### THE PROBLEM
Copy the lines below exactly, starting at the one with "Spicy Chipotle White" and ending at the one with "Wooden fence along", and leave out any picture.

---------- ENTRIES SHOWN

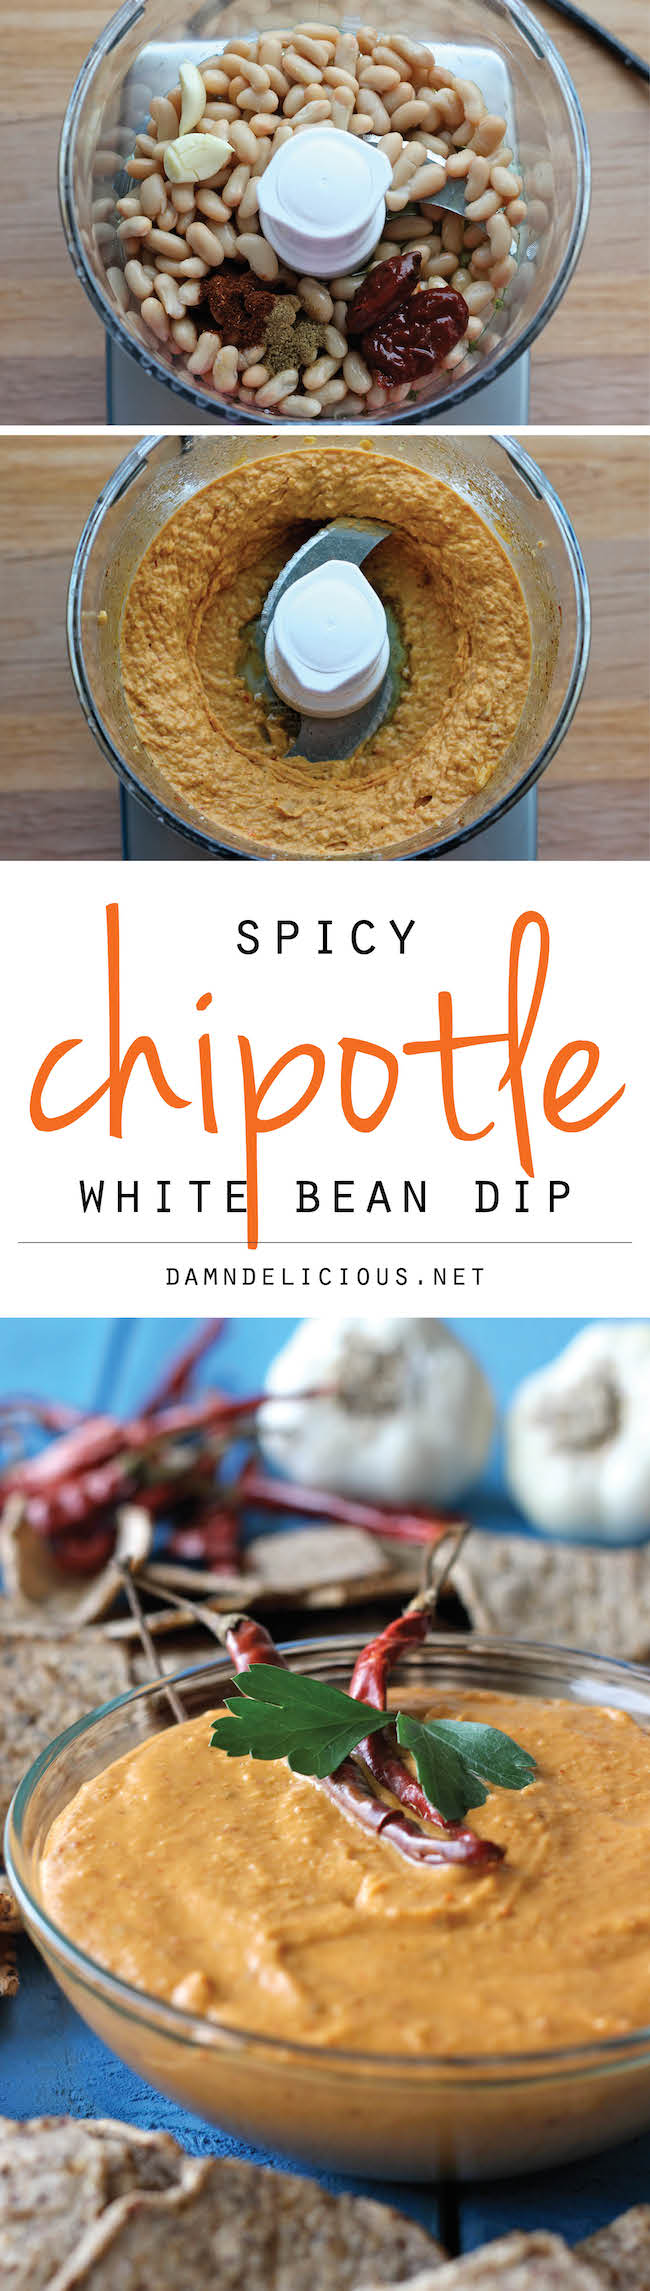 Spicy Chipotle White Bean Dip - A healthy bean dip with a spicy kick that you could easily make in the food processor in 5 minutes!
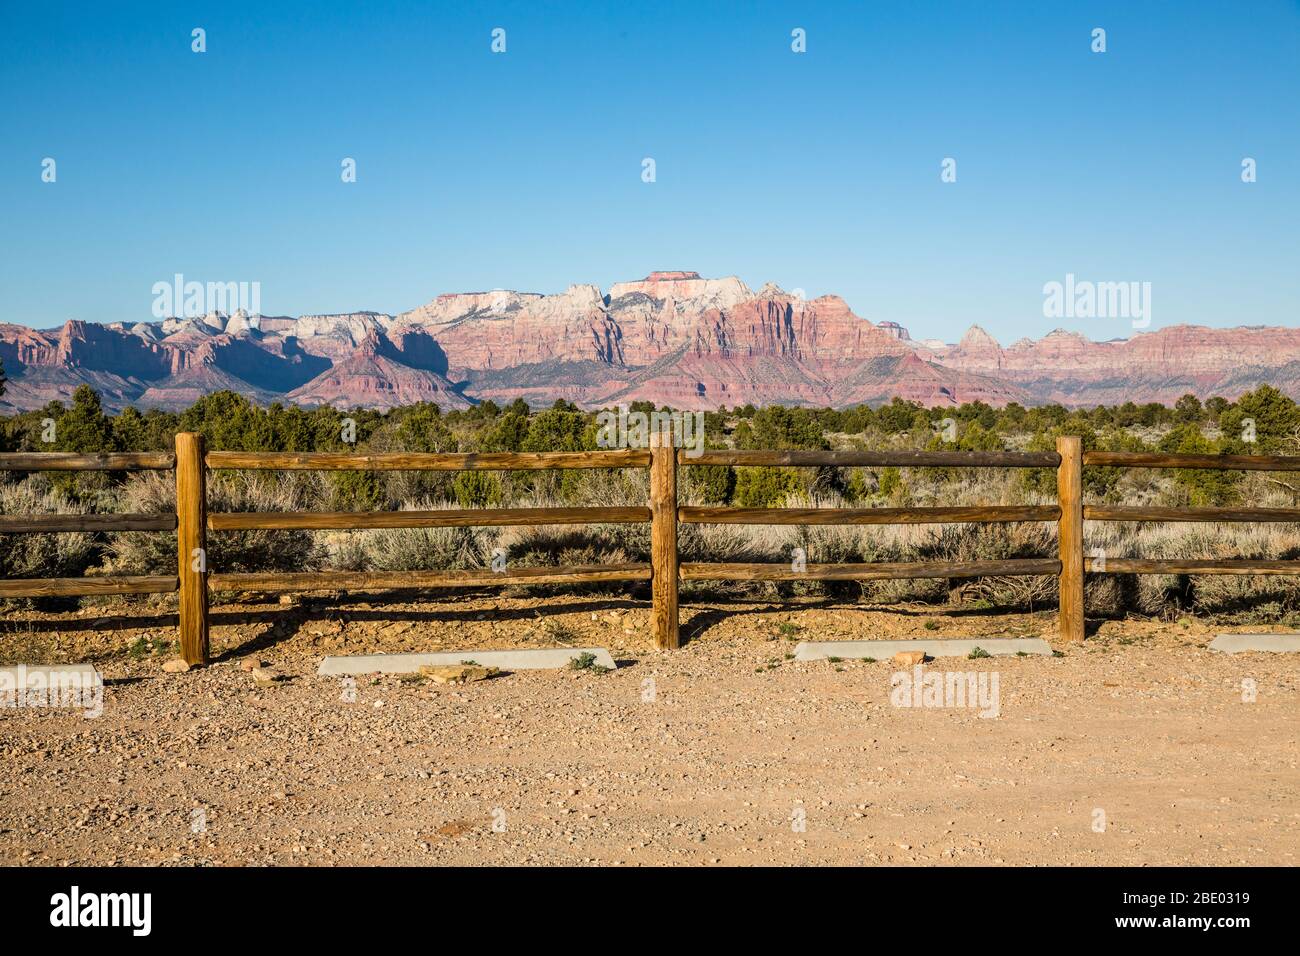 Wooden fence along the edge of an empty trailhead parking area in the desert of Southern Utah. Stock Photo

--------------------
---------- ENTRIES SHOWN

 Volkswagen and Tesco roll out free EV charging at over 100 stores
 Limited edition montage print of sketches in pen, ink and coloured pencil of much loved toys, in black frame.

--------------------

### ANSWER TO THIS TASK
 Spicy Chipotle White Bean Dip - A healthy bean dip with a spicy kick that you could easily make in the food processor in 5 minutes!
 Wooden fence along the edge of an empty trailhead parking area in the desert of Southern Utah. Stock Photo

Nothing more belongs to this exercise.